Riemannian metric on symmetric spaces of non-compact type

A symmetric space of non-compact type is a manifold of shape

{\ displaystyle M = G / K}

with a semi-simple Lie group and a maximally compact subgroup . ${\ displaystyle G}$ ${\ displaystyle K}$

For a symmetrical space one has a Cartan decomposition

{\ displaystyle {\ mathfrak {g}} = {\ mathfrak {k}} \ oplus {\ mathfrak {p}}}

and one can identify the tangent space in the neutral element with . ${\ displaystyle T _ {\ left [e \ right]} G / K}$ ${\ displaystyle {\ mathfrak {p}}}$

The killing form is negative definitely on and positive definitely on . In particular, it defines an -invariant scalar product and thus a left-invariant Riemannian metric . Except for multiplication by scalars, this is the only -invariant metric . ${\ displaystyle {\ mathfrak {k}}}$ ${\ displaystyle {\ mathfrak {p}}}$ ${\ displaystyle \ operatorname {Ad} (G)}$ ${\ displaystyle {\ mathfrak {p}}}$ ${\ displaystyle M = G / K}$ ${\ displaystyle G}$ ${\ displaystyle M}$

The differential geometry of symmetrical spaces deals with the properties of these Riemannian manifolds.

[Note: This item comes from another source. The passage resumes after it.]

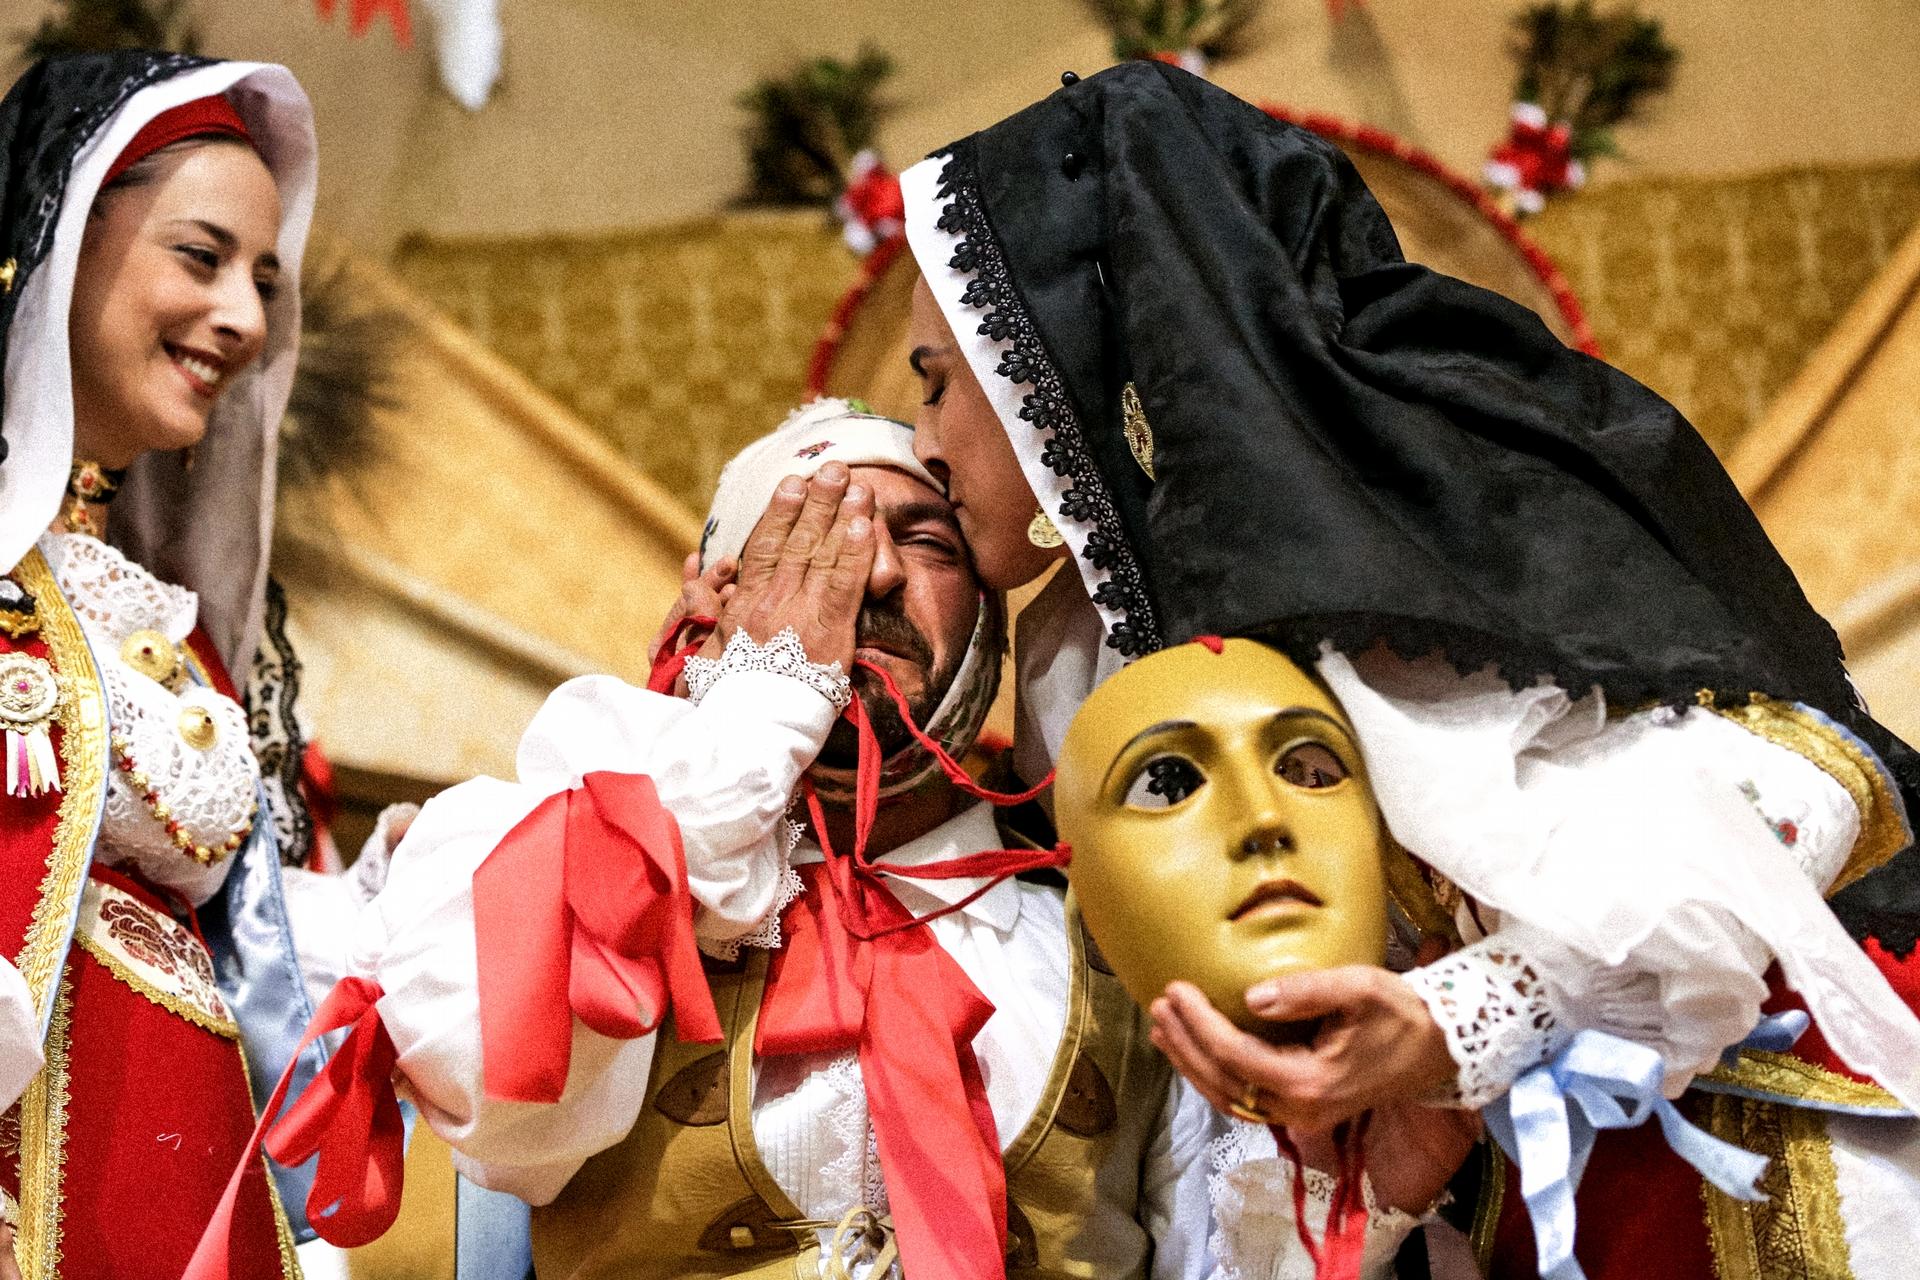 回到地上 - 能成為「康波里多利」不僅是薩爾提里亞騎士最崇高的榮譽,也是許多居民的終身夢想。當選人只要戴上面具,就會化身為「康波里多利」。此時他的個人身分已不重要,因為他已變成奧里斯塔諾文化中最具代表性的人物。「康波里多利」必須全天禁食,雙腳也不能觸地;據說這麼能為社區帶來福祉和繁榮,並驅逐飢荒和瘟疫。照片中,塞吉歐.萊達在慶典結束後摘下面具,並返回「現實」。 他的妹妹埃利奧諾拉.萊達(Eleonora Ledda)為他獻上一個吻。埃利奧諾拉本身也是名隨著隊伍前進的「馬薩伊達斯」。 PHOTOGRAPH BY MICHELE ARDU

Classification of semi-simple Lie algebras

The killing form plays a key role in the classification of the semi-simple Lie algebras over algebraically closed fields of the characteristic . ${\ displaystyle 0}$

literature

Humphreys, James E .: Introduction to Lie algebras and representation theory. Graduate Texts in Mathematics, Vol. 9. Springer-Verlag, New York-Berlin, 1972.